● Work to complete:
Your task is to repeat all of the data exactly while excluding the pictures.

● Raw data:
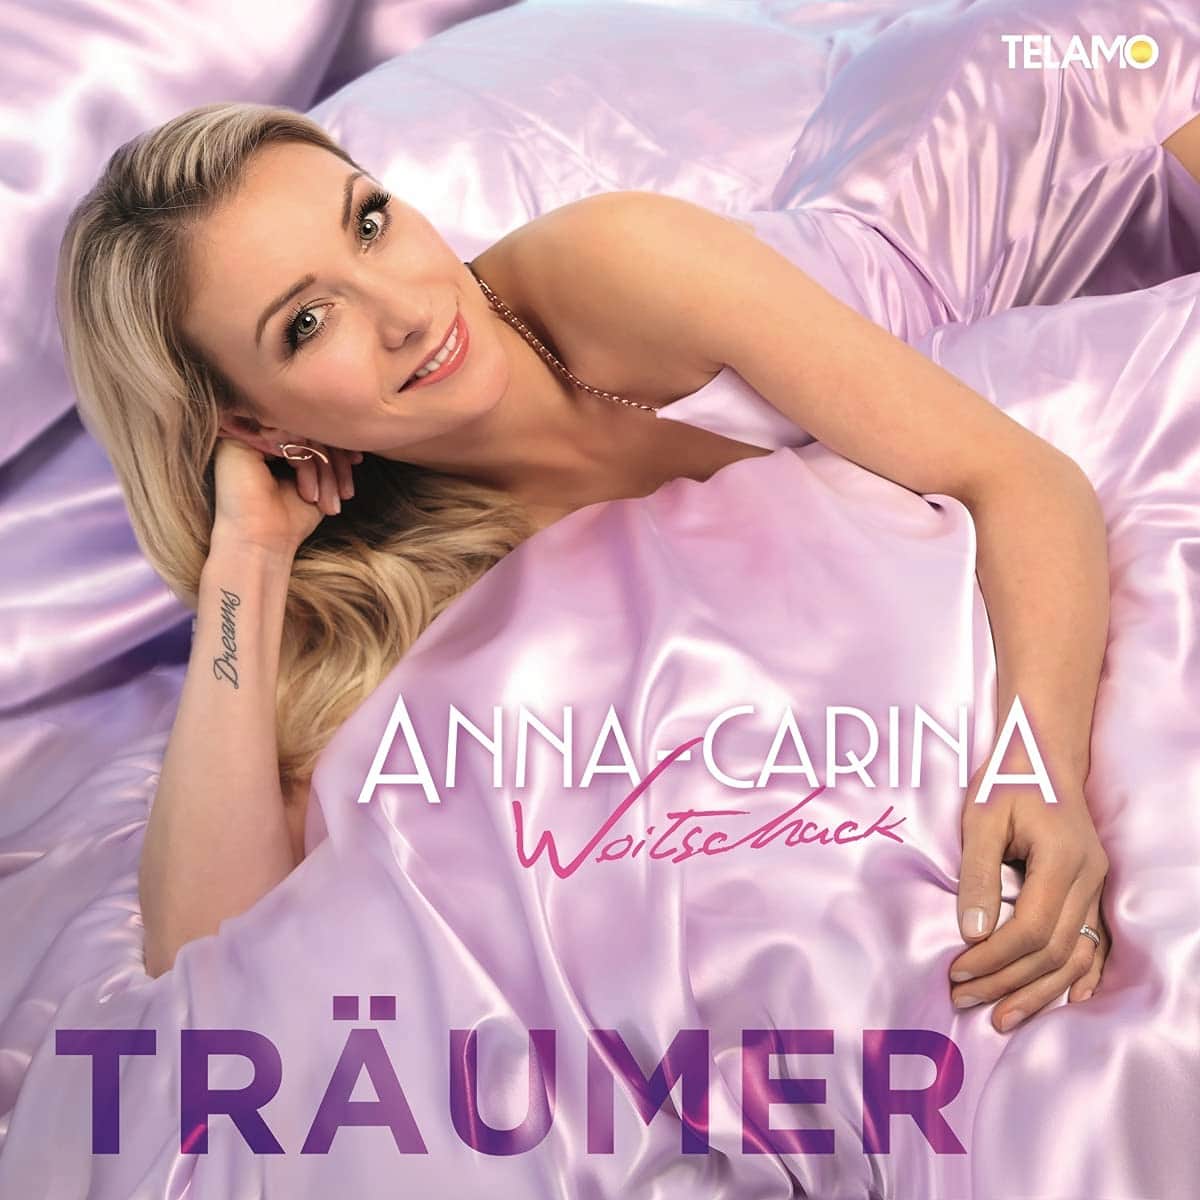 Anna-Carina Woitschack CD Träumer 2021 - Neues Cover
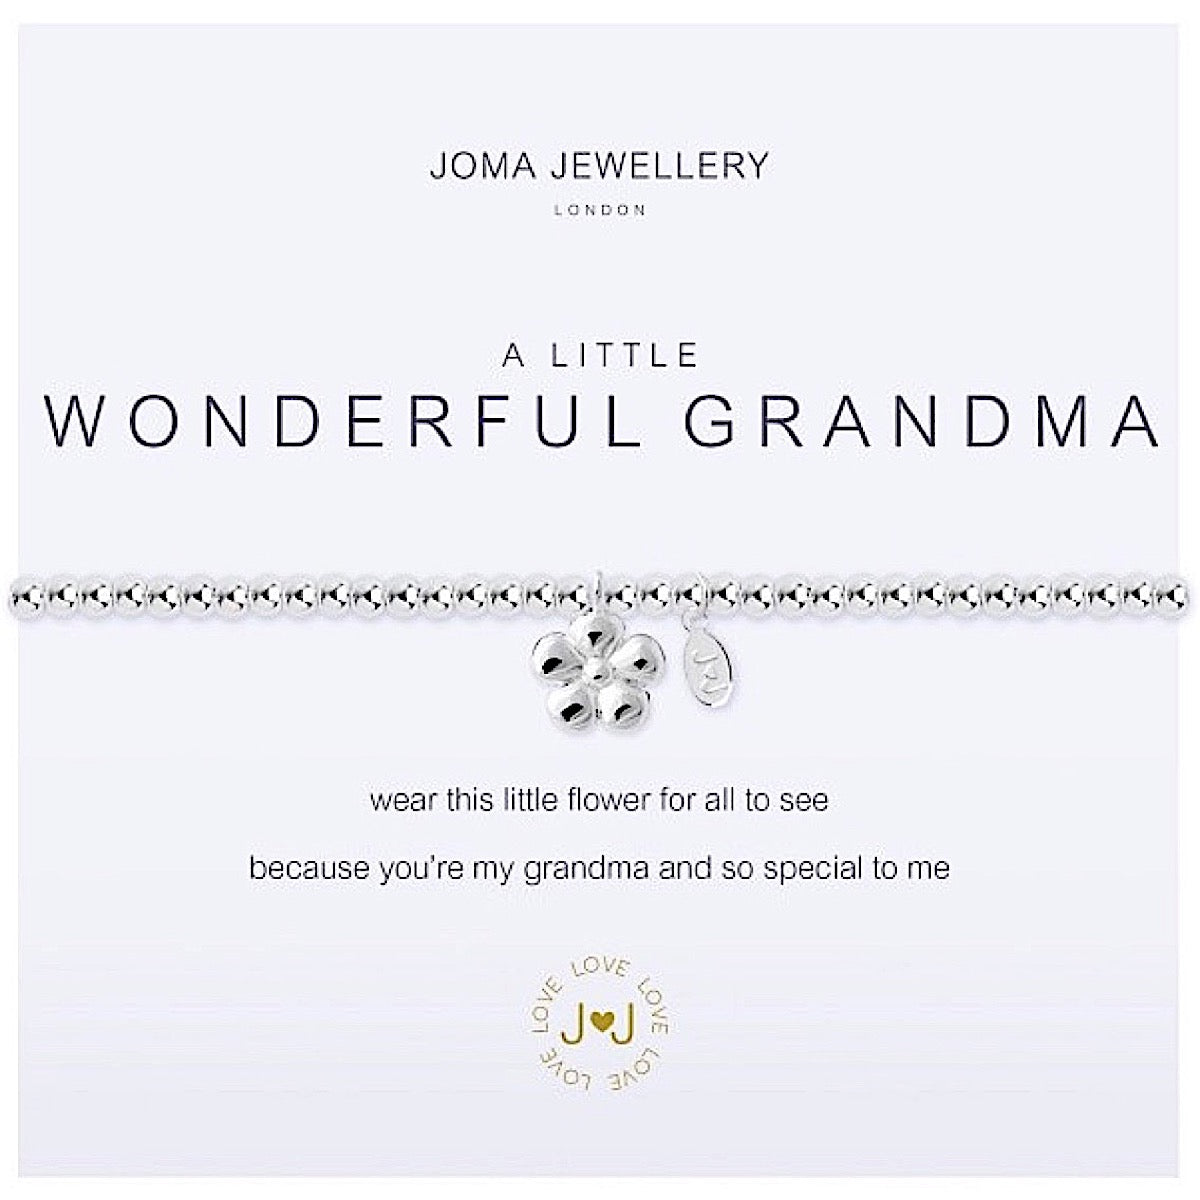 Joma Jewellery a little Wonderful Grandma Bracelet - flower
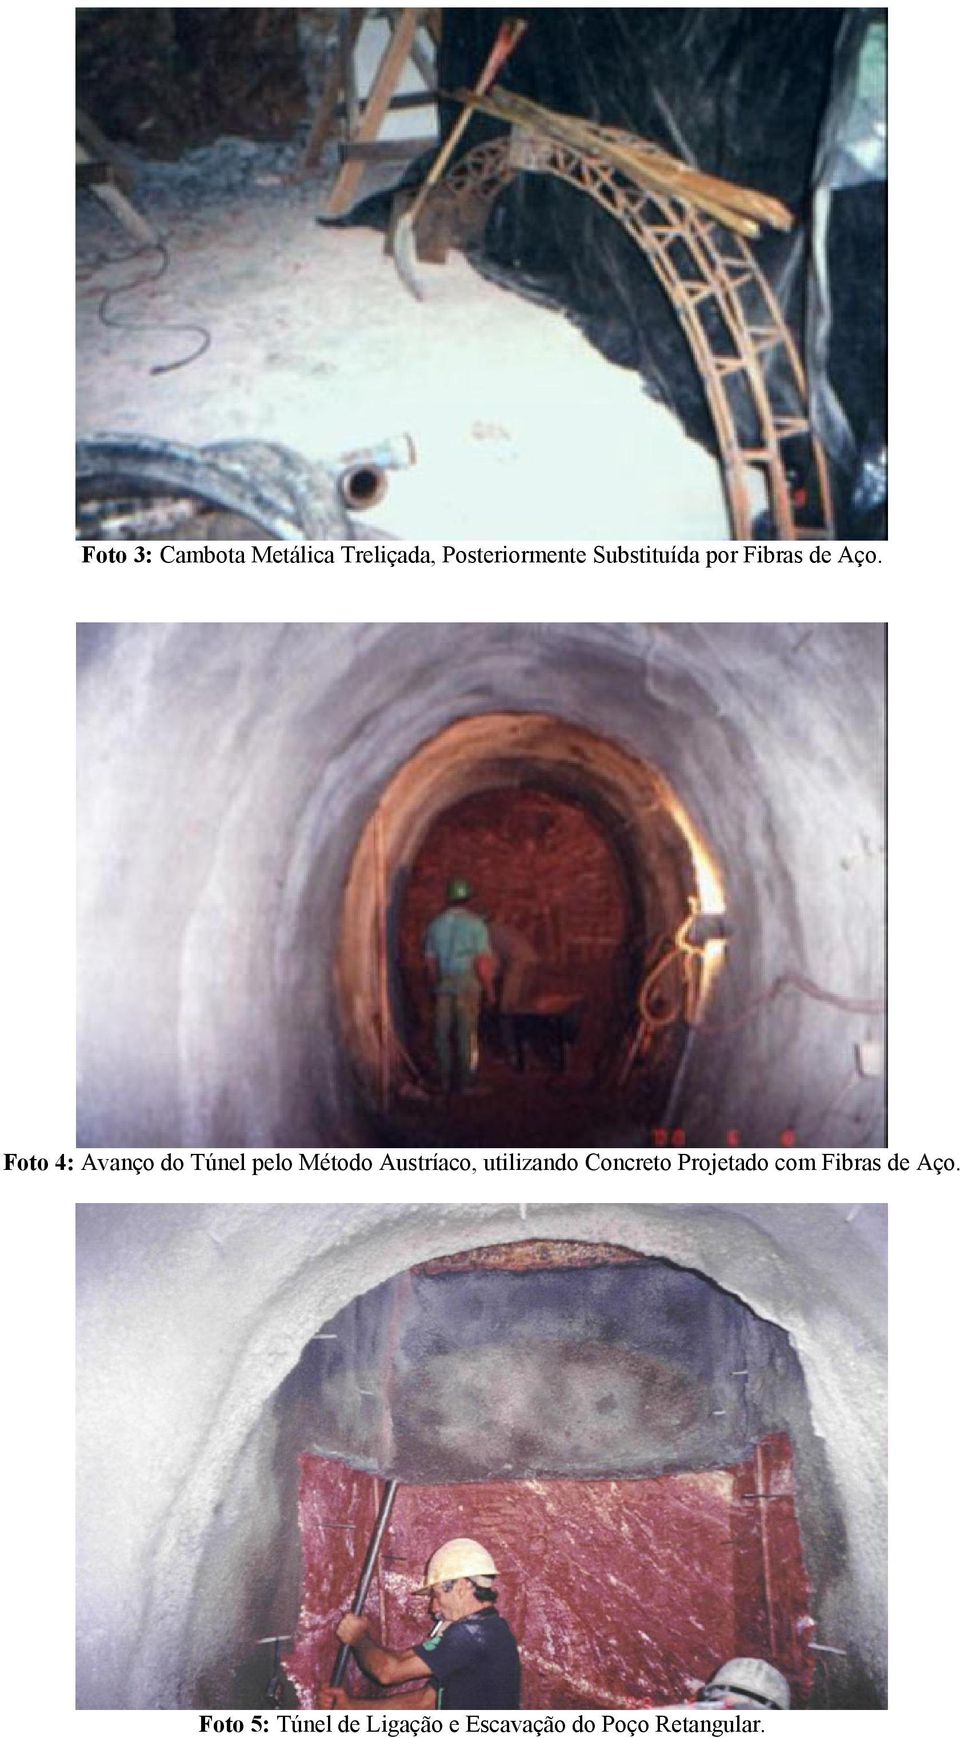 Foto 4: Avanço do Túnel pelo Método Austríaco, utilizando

● Solution to this exercise:
 Anna-Carina Woitschack CD Träumer 2021 - Neues Cover
 Joma Jewellery a little Wonderful Grandma Bracelet - flower
 Foto 4: Avanço do Túnel pelo Método Austríaco, utilizando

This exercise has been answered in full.